EU lawmakers backed calls Tuesday to tighten up a proposed ban on cloning animals for food so as to ensure they never find a place on European farms.
The European Commission is ready to ban animal cloning in the 28-nation bloc but MEPs said it had to go further to halt all imports and the use of cloned products to ease public concerns about food safety.
"Up to now, we have been able to import reproductive material from third countries. We are washing our hands letting others do the dirty work," said MEP Renate Sommer, who presented the recommendations in a report to the European Parliament in Strasbourg.
"We want to ban comprehensively. Not just the use of cloning techniques but the imports of reproductive material, clones and their descendants," Sommer said.
"I'd like to ask the European Commission to rethink this whole thing."
Lawmakers and the public are deeply suspicious Brussels could allow widespread use of animal cloning and genetically modified foods under the terms of a massive free trade agreement being negotiated with the United States.
EU leaders insist health standards will not suffer but Parliament remains sceptical about the merits of what is known as the Transatlantic Trade and Investment Partnership (TTIP).
Giula Moi, who with Sommer brought the recommendations forward, said: "We need to take into account the impact on animal health but also on human health."
"This report sends the message to our trade partners that we are not willing to put our own health, our families' health, and future generations' health at stake using products of dubious quality of this nature," Moi said.
"We want to be sure that we don't go down a path from which there is no return," she added in a parliamentary statement.
Up until now, cloned farm animals -- which are hugely expensive to develop -- are not used for food but for breeding purposes, with their embryos and semen used widely in the United States, Argentina, Brazil and Uruguay.

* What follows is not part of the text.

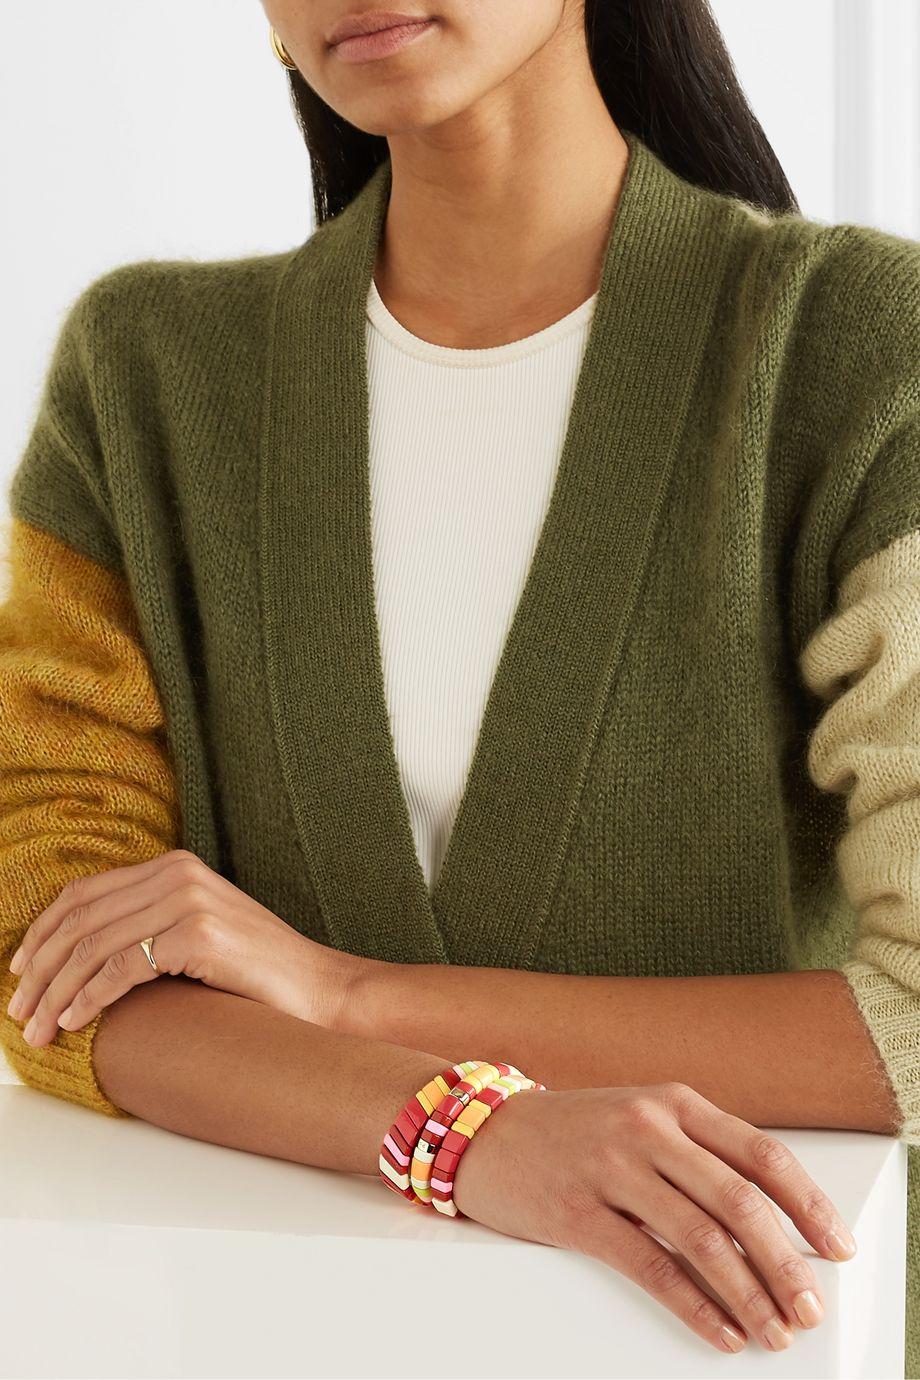 Roxanne Assoulin Negroni 搪瓷金色手链(三只装)
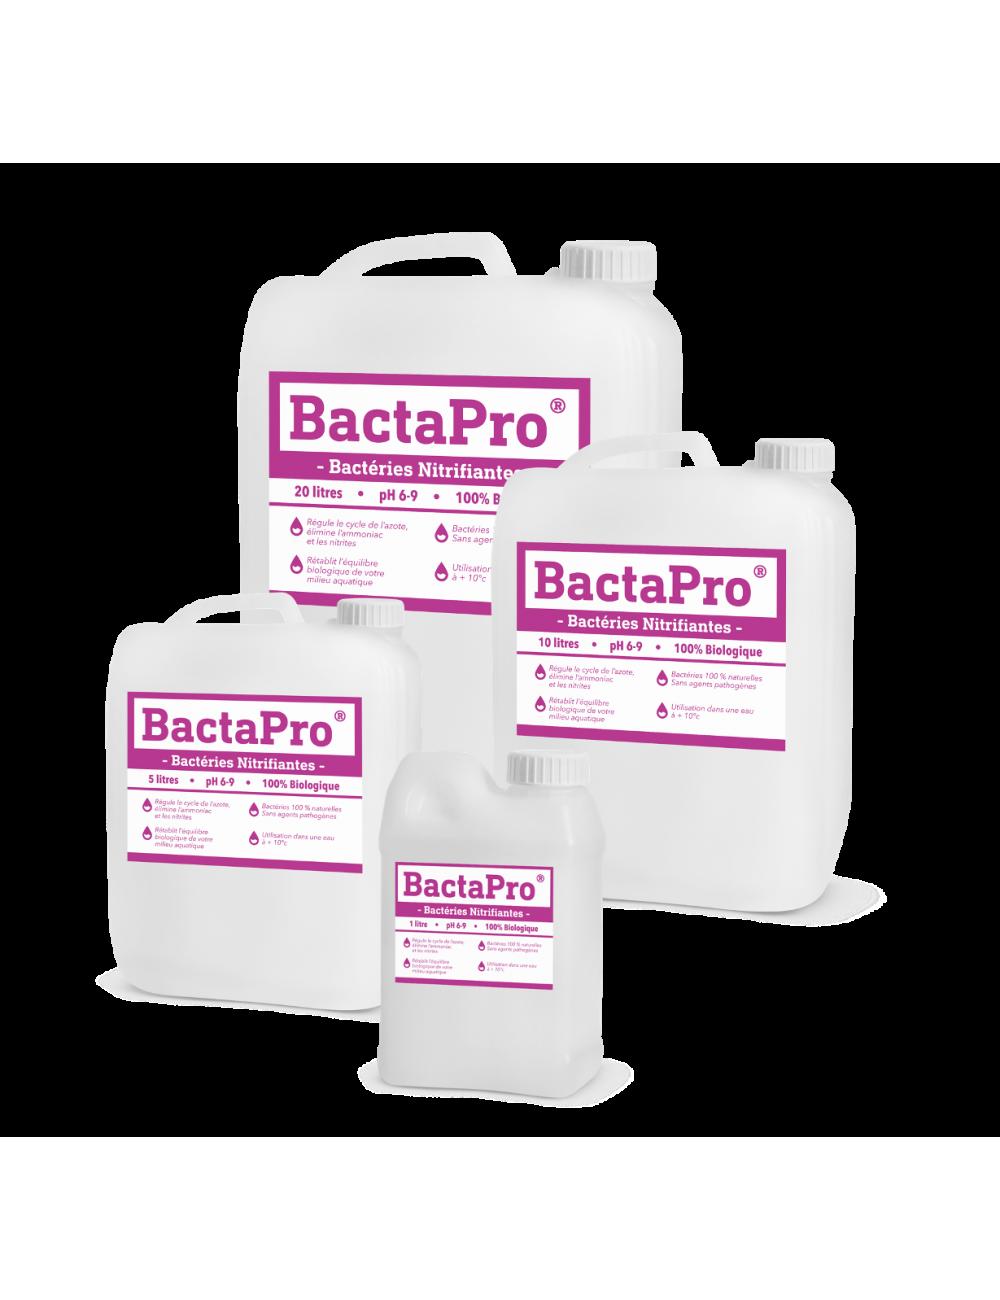 bactérie nitrifiante - BactaPro®

The Commission's current proposal bans farm animal cloning but would allow the sale of meat and milk produced by their descendants.
The MEP's report was adopted by 529 votes to 120, with 57 abstentions, and will now form the basis for what are likely to be difficult negotiations with the Commission, the EU's executive arm.
EU Food and Health Safety Commissioner Vytenis Andriukatitis said the restrictions in the report were not "justified," arguing that descendants of cloned animals showed no health problems while a complete ban might be difficult to sustain in law.